Entrevista realizada com Rabino Shabsi Alpern
em novembro de 2010

Publicada em “Here’s My Story” em 19 de julho, 2018/ 7 de Menachem Av, quando a shlichut do Rabino Alpern completa 57 anos no Brasil

Cresci num lar Chabad – nossa família tinha sido Chabad durante gerações – e, obviamente, éramos muito conectados ao Rebe. Não acontecia nada em nossa família que o Rebe não soubesse, porque ele era como um pai para nós.
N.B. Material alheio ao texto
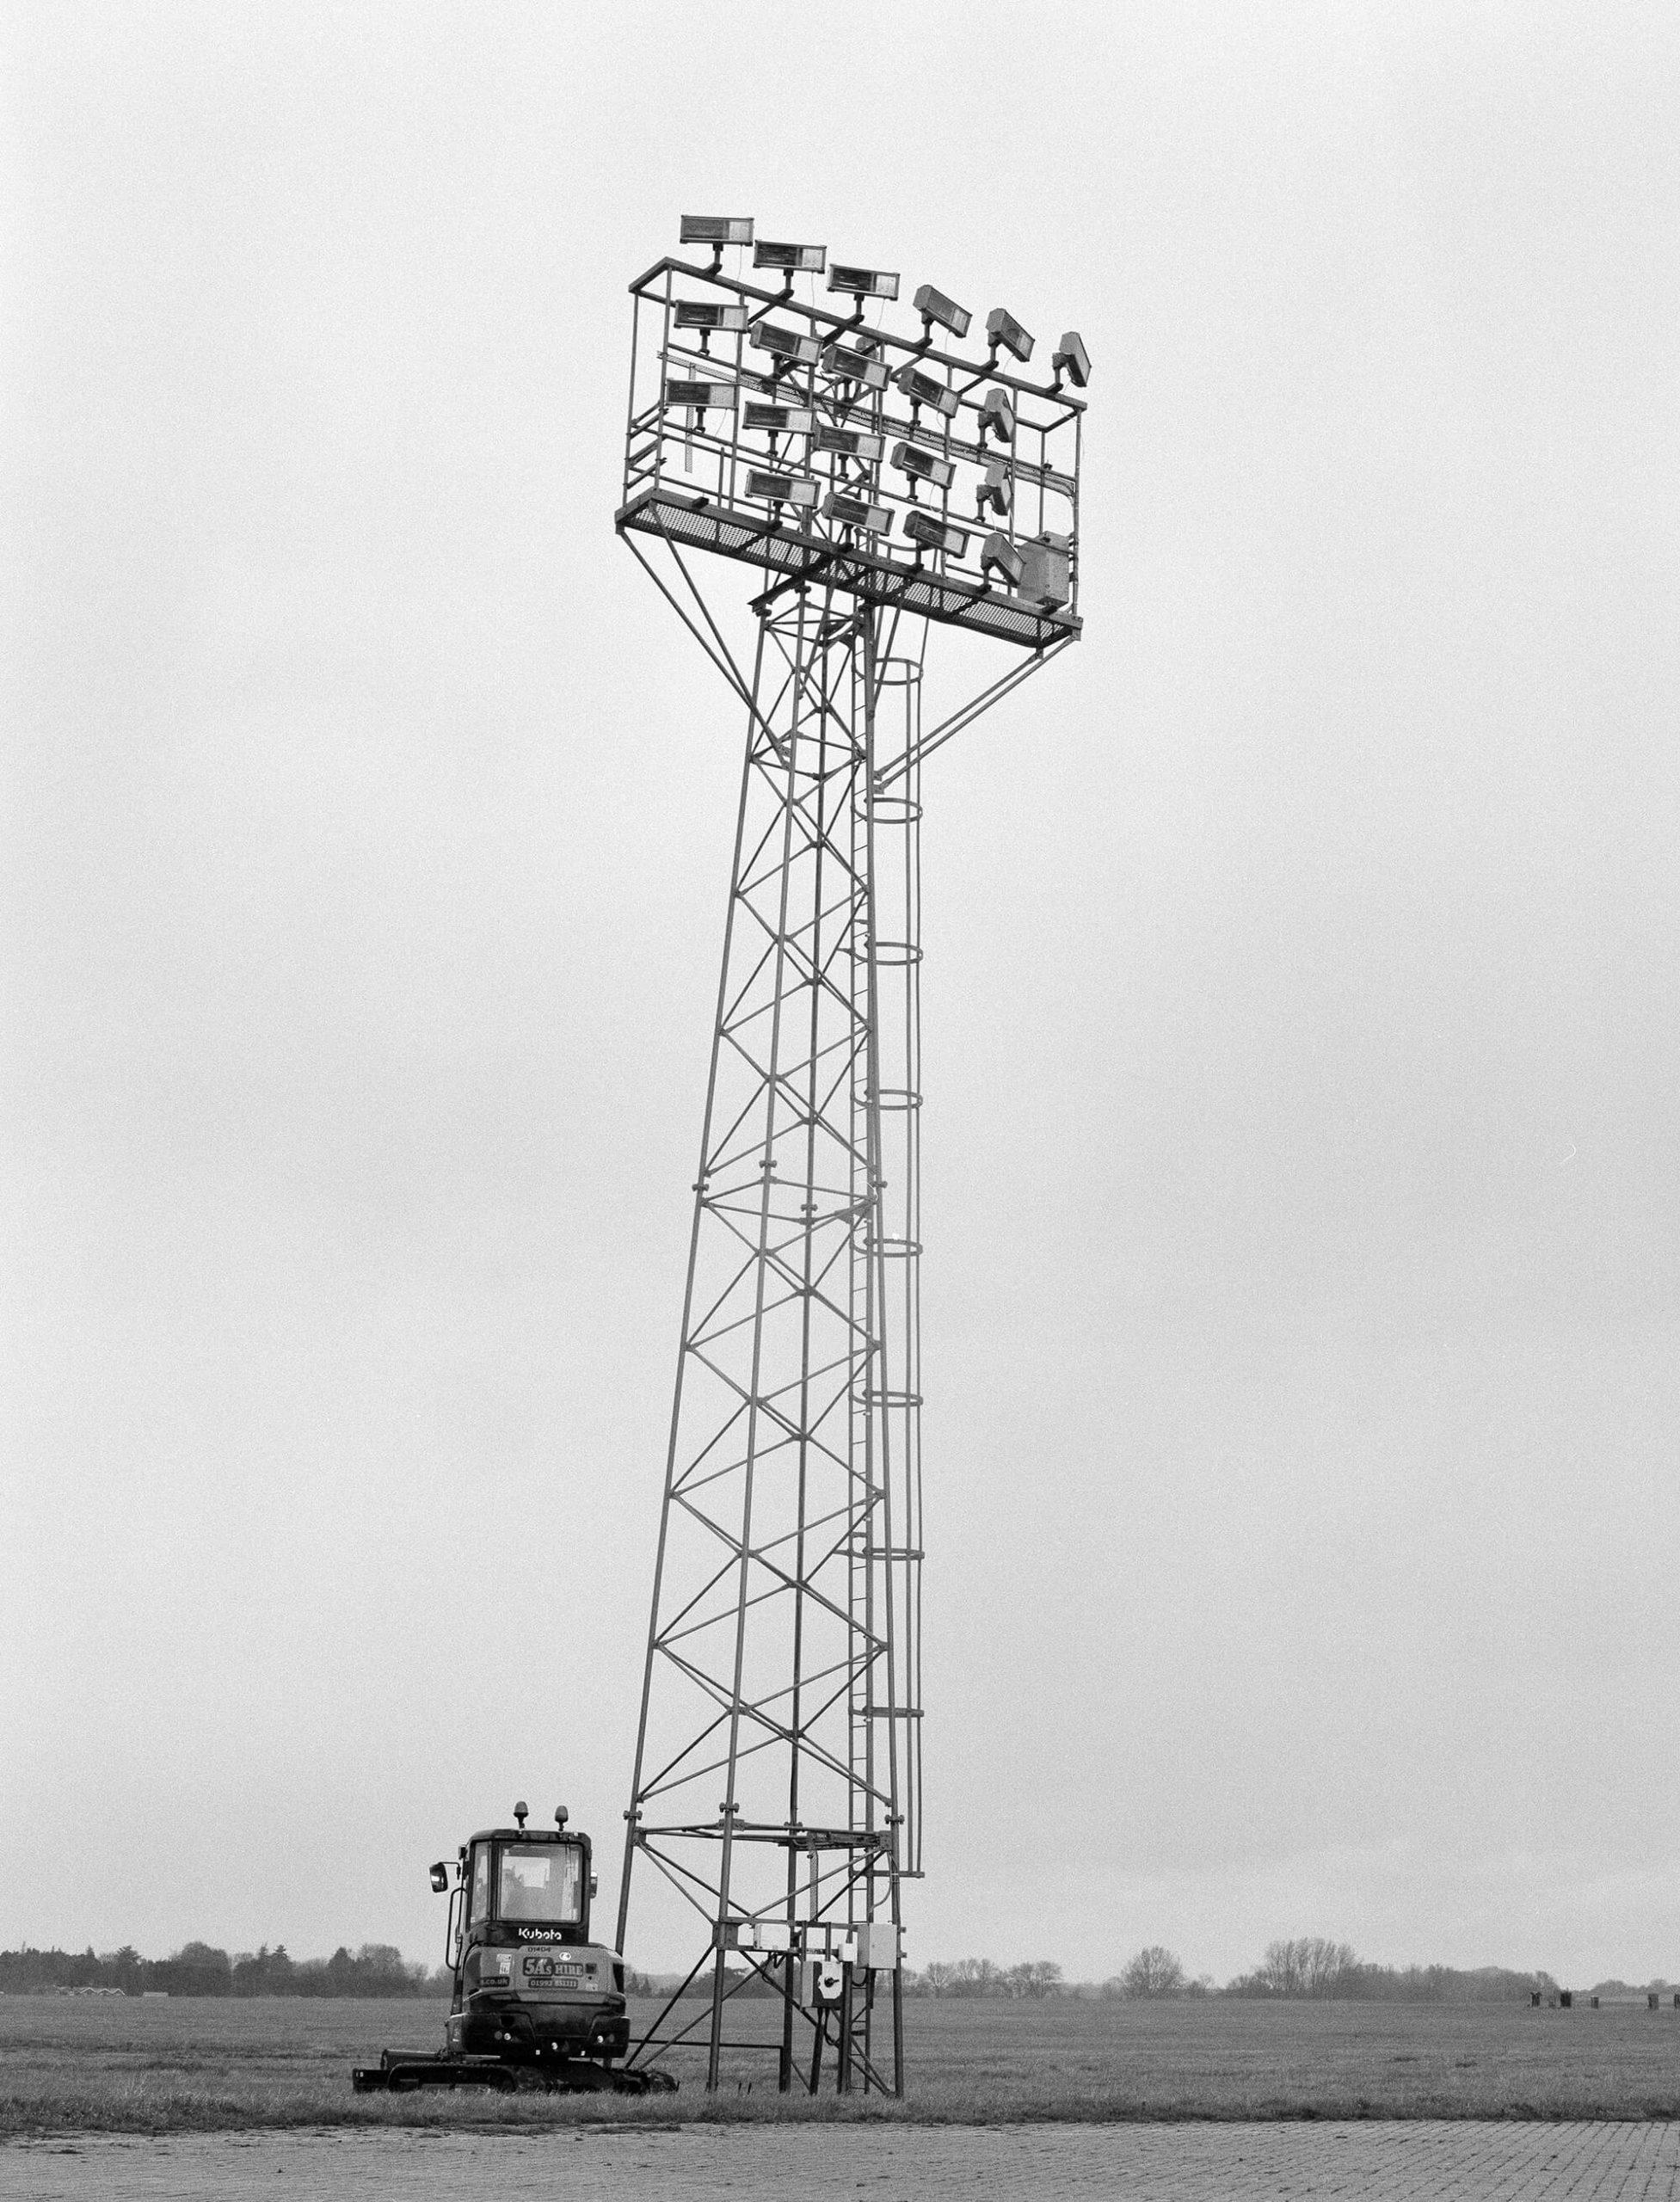 Rosie Dale - Ad Astra RAF Radar Tower

Pouco depois de o Rebe assumir a liderança de Chabad em 1951, eu precisei ter as amídalas extraídas. Obviamente, o Rebe foi consultado, e ele pediu que o informássemos logo após a operação. Lembro-me claramente da minha mãe, que era uma mulher decidida, correndo no calor do dia do consultório do médico ao 770 da Eastern Parkway para contar ao Rebe que tudo tinha ido bem.

Após receber ordenação rabínica da yeshiva Chabad em Nova York em 1960, fiquei noivo de minha primeira esposa, Esther, de abençoada memória. Naquela época, se um casal jovem tivesse se comprometido a ir como emissários do Rebe, ele celebrava o casamento. Estávamos planejando ser emissários do Rebe, e esperávamos que ele viria para recitar as bênçãos debaixo da nossa chupá.
Mas quando fomos ver o Rebe duas semanas antes do evento, ele nos disse: “Vai haver uma mudança sobre minha participação em casamentos.”

Obviamente, eu entendi – “mudança” significava que ele iria parar de fazer aquilo. Ao ouvir isso, não sei de onde consegui coragem para protestar: “Mas seremos os emissários do Rebe!”

Ele respondeu: “Tzuden darf ich shtayn unter de shteingen tzu bentchen? – Preciso ficar debaixo da chupá para poder abençoar?” Em outras palavras, o Rebe estava dizendo que iria nos abençoar como casal mesmo sem estar fisicamente presente em nosso casamento. E foi isso o que aconteceu.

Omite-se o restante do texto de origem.